Entrepris il y a une dizaine d'années, les travaux se sont terminés l'an dernier dans les délais, indiquent jeudi les autorités de Bâle-Ville. Ils sont le fruit d'un accord passé en 1999 entre les groupes Novartis, Roche, Ciba Spécialités chimiques, Valorec et le Département cantonal de la santé.

Cet accord a «valeur de modèle» pour Bâle et la Suisse entière dans le domaine du partenariat entre l'Etat et l'économie privée, s'est réjoui face aux médias le conseiller d'Etat Carlo Conti (PDC). Et de saluer la «bonne collaboration» entre les entreprises et le canton.

Au total, 80 installations ont été contrôlées sur les sites des grandes entreprises. Plus d'une douzaine de constructions et de nombreuses installations ont été renforcées. But de l'opération: protéger le personnel à l'intérieur et à l'extérieur des sites en cas de catastrophe.

Novartis a investi 18 millions de francs pour renforcer notamment les fondations de ses bâtiments et ajouter des piliers de soutien en acier. Roche a dépensé 12 millions. Huntsman, qui a repris une partie des activités de Ciba Spécialités chimiques, a payé 9 millions.

Laxisme des privés

Les entreprises ont en outre renforcé des édifices non menacés mais fréquentés par de nombreux collaborateurs. Les sites de la chimie bâloise et bâtiments publiques du canton sont désormais adaptés aux normes anti-sismiques.

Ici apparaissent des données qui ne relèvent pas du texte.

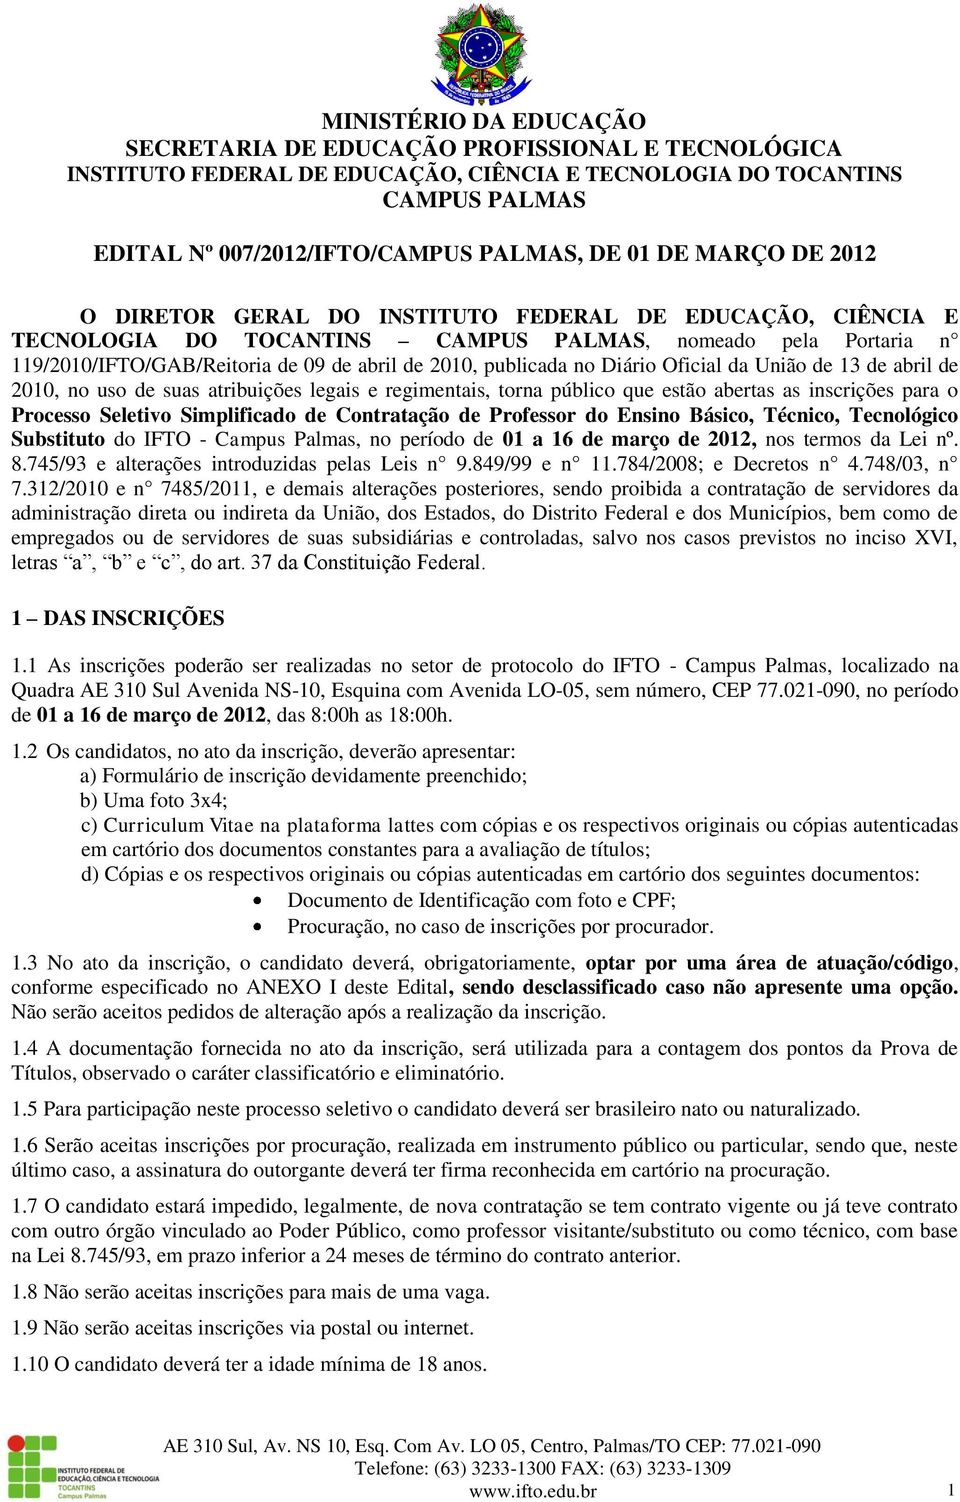 Simplificado de Contratação de Professor do Ensino Básico, Técnico, Tecnológico Substituto do IFTO - Campus Palmas, no período de 01 a 16 de março de 2012, nos termos da Lei nº. 8.

De nombreux bâtiments privés ne sont en revanche toujours pas renforcés, déplore Andreas Götz. Face aux médias, le vice-directeur de l'Office fédéral de l'environnement (OFEV) a exhorté les maîtres d'ouvrage à prendre leurs responsabilités.

Toujours pas d'assurance

Autre point noir souligné en conférence de presse, il n'existe aucune assurance contre les tremblements de terre en cas de séisme puissant provoquant des dégâts malgré les mesures prises. Dans un tel scénario, les entreprises doivent couvrir eux-mêmes les frais. L'Etat pourrait alors être amené à aider financièrement les firmes pour leur éviter qu'elles ne sombrent.

«Il ne s'est pas passé grand chose dans ce domaine», déplore Carlo Conti. La création d'une assurance nationale obligatoire contre les tremblements de terre a été abandonnée l'an dernier par manque de volonté des propriétaires et des politiques. Les assureurs ont du même coup dissout leur fonds en cas de séisme.

Seuls Bâle-Ville, le Valais, le Jura et Nidwald exigent des mesures anti-sismiques avant d'accorder des permis de construire. Pourtant, les risques existent dans toute la Suisse, souligne Andreas Götz. La région bâloise et le Valais sont les zones sismiques les plus sensibles.

Bâle dévastée en 1356

«A chaque siècle, le pays a été secoué par un séisme qui a causé de lourds dommages», rappelle le directeur de l'OFEV. Les dégâts d'un important séisme peuvent aujourd'hui atteindre entre 60 et 120 milliards de francs.

En 1356, Bâle a été détruite par le tremblement de terre le plus dévastateur que l'Europe centrale ait jamais connu. La cité rhénane est frappée tous les 1500 à 2500 ans par des séismes similaires, selon une étude présentée en 2001 par l'institut de sismologie de l'EPF Zurich.